The lower part of the series is of unknown age. It has its most complete development in the Miomaffo region and the succession of strata in this region has been compared by VAN WEST (1941, p. 24-25) with similar deposits in southern Celebes, SE-Borneo (Alino Formation), and Central and NW-Borneo (so-called "Danau Formation"). On the ground of these comparisons, which should only be used in a tentative way, a Permian age might be considered. A Triassic age might also be considered, the Permian rocks of which the age could be determined by fossil evidence being all deposits of shallow water depth 1). This lower part of the series in the Miomaffo region is mainly composed of radiolarian cherts, while in connection with them breccias, which are associated with igneous rocks (albite diabases) occur close to the contact with the crystalline schists. The fragments in the breccias are derived from quartz keratophyres, keratophyres, quartz- amphibole albitites, albitite diabases, and spilitic rocks. The contacts of the Lower Palelo Series with the underlying crystalline schists and the overlying upper part of the series are usually characterized by a crushed zone of several metres. In the Mollo region, the lower part of the series seems to have a scanty development.

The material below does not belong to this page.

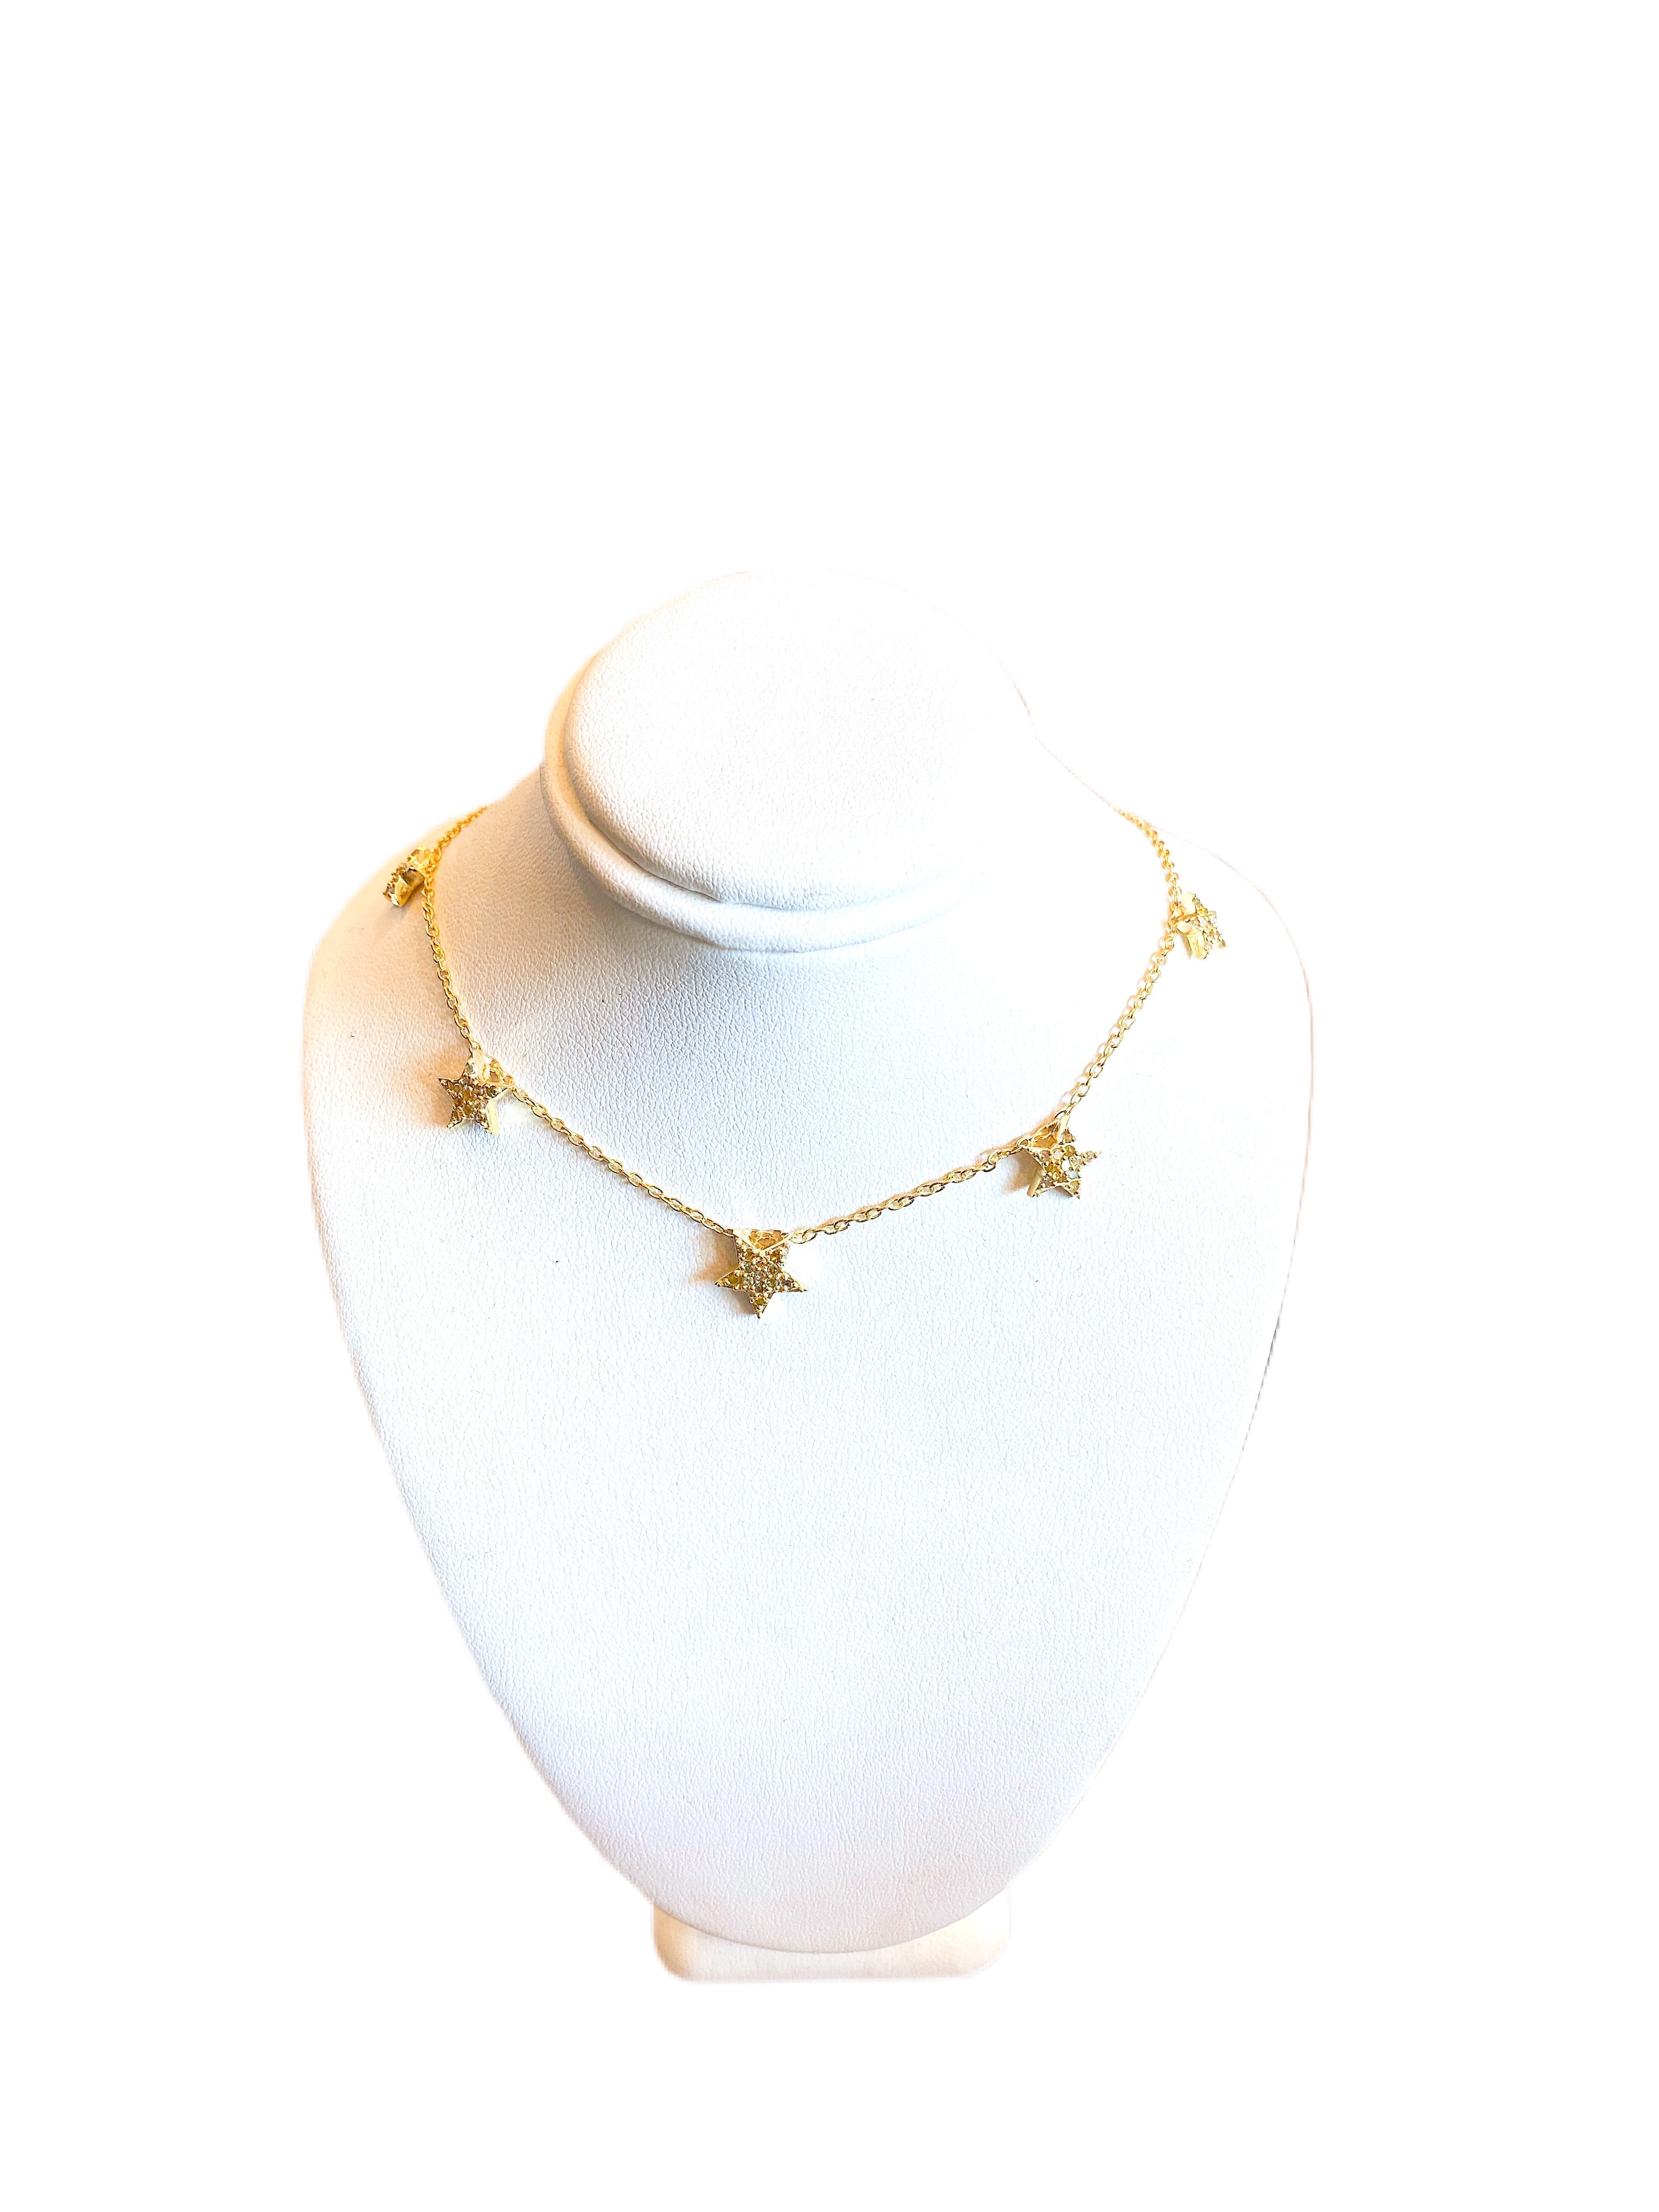 S.Row Designs Five Star Diamond Necklace
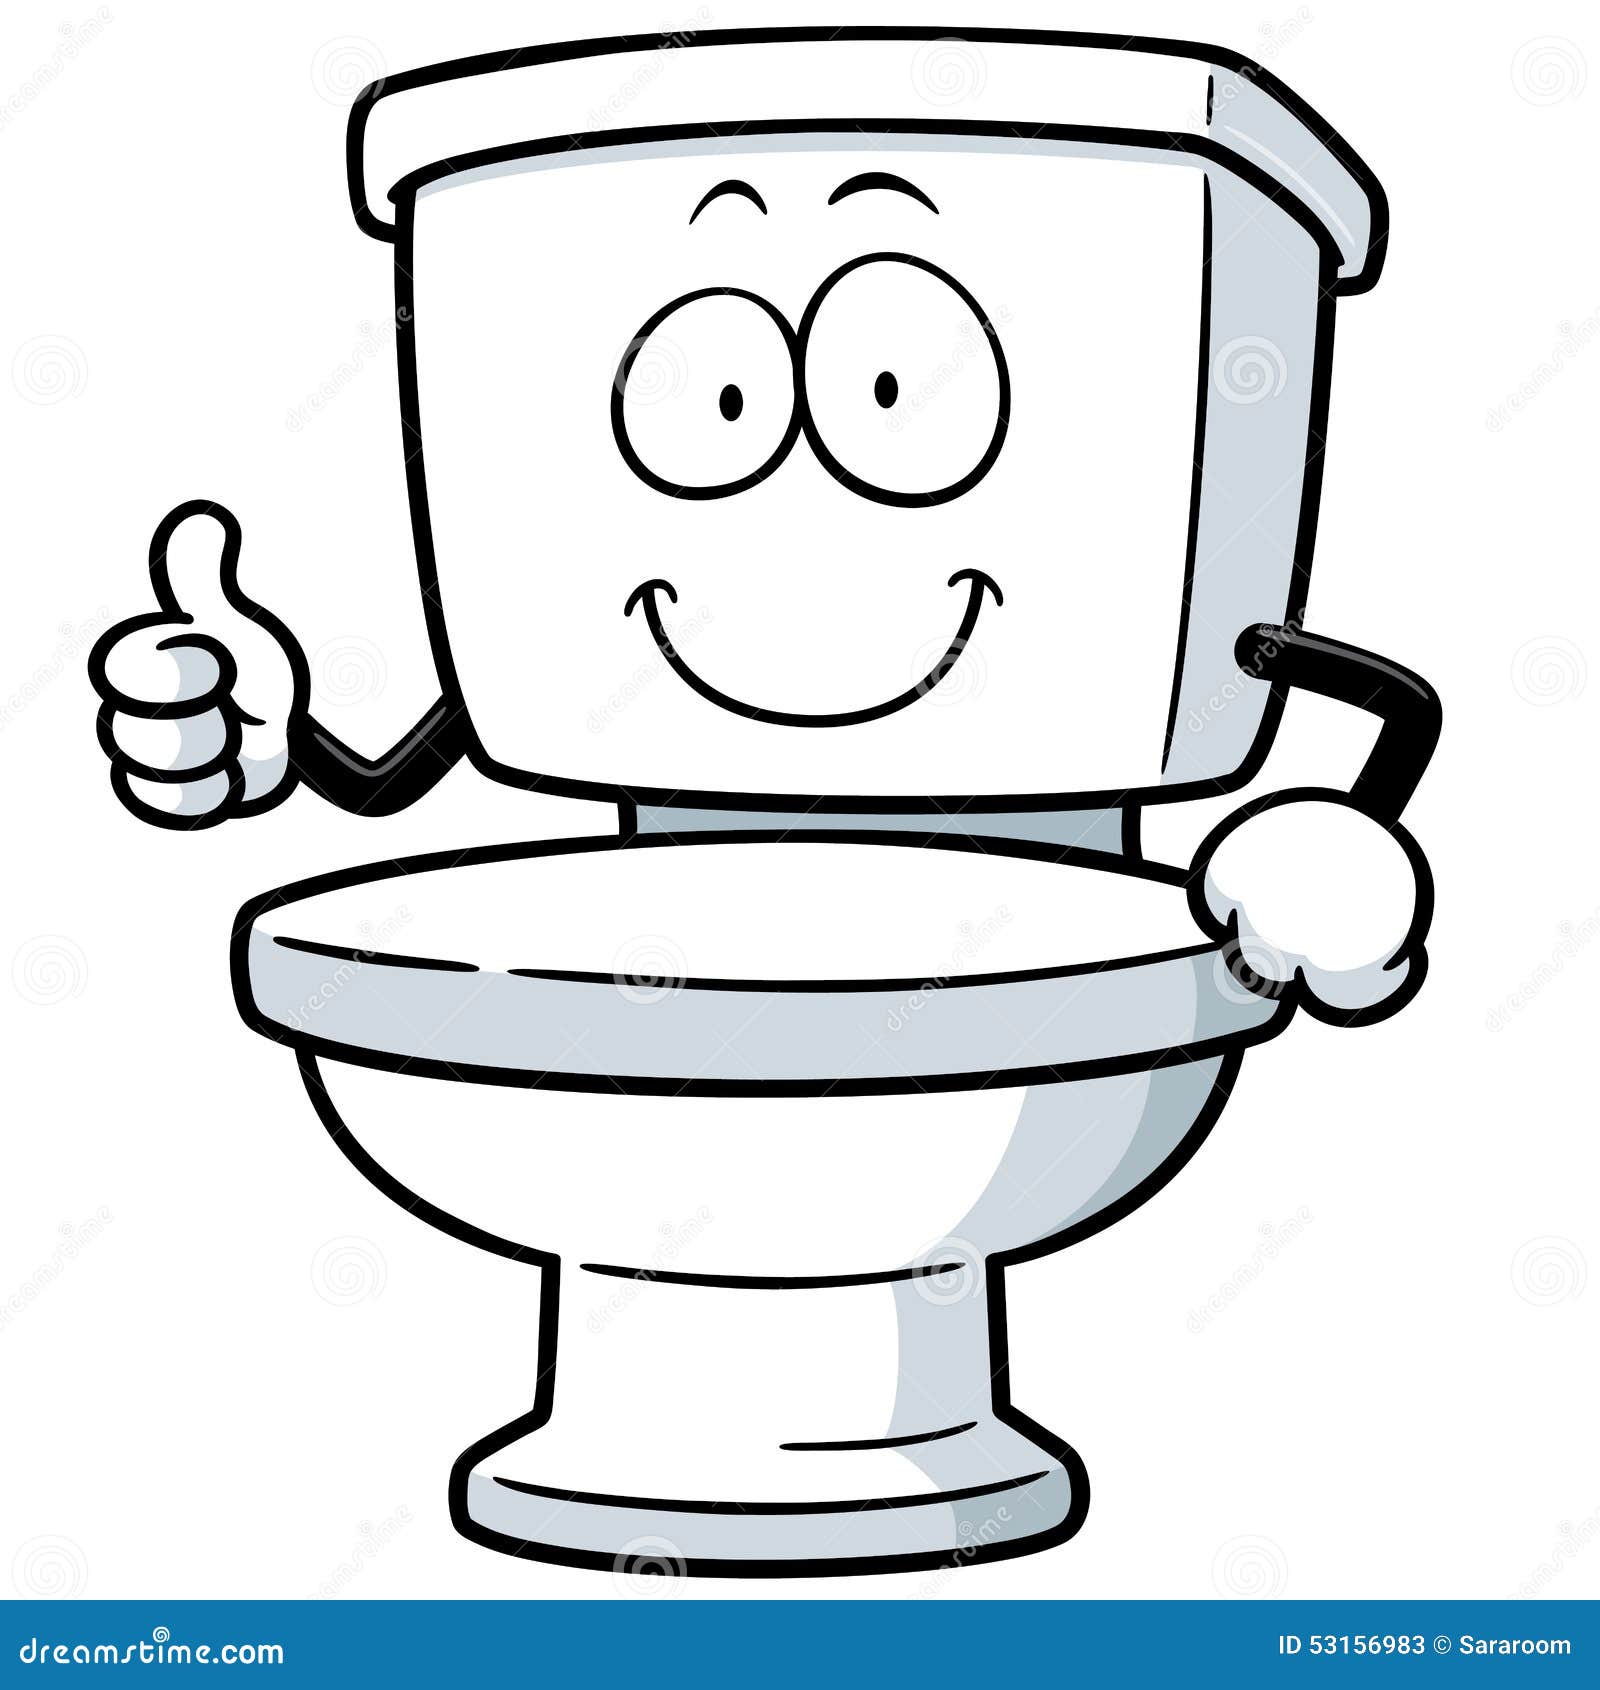 Toilet Stock Vector - Image: 53156983

The upper part of the Palelo Series has a much larger extension. Its age is partly fixed by the presence of the Globotruncana fauna, which points to an upper-cretaceous age of the parts in which this fauna occurs. In the Mollo region numerous (probably oxfordian) inocerams indicate an upper-Jurassic age for a certain part of the series. At some places the series seems to continue into the Eocene (TAPPENBECK, 1939, p. 49; VAN WEST, 1941, p. 33). The rocks are mainly graywackes, graywacke sandstones, tuffs, marls, shales and conglomerates, all containing volcanic material in varying quantities. Intercalated lava flows are found abundantly in the Mollo region. The conglomerates are for the greater part composed of schist fragments and, as far as the conglomerates have been studied in detail (TAPPENBECK, 1938, p. 33-34), the fragments of other rocks can safely be assumed to be derived from lower parts of the Palelo Series 2). The analysis of these conglomerates shows that rock series, which now occur in the neighbourhood, were not exposed in the region where the Palelo Series was deposited."
Portuguese Timor (See fig. 24 on plate 3 for the location of the geographical names).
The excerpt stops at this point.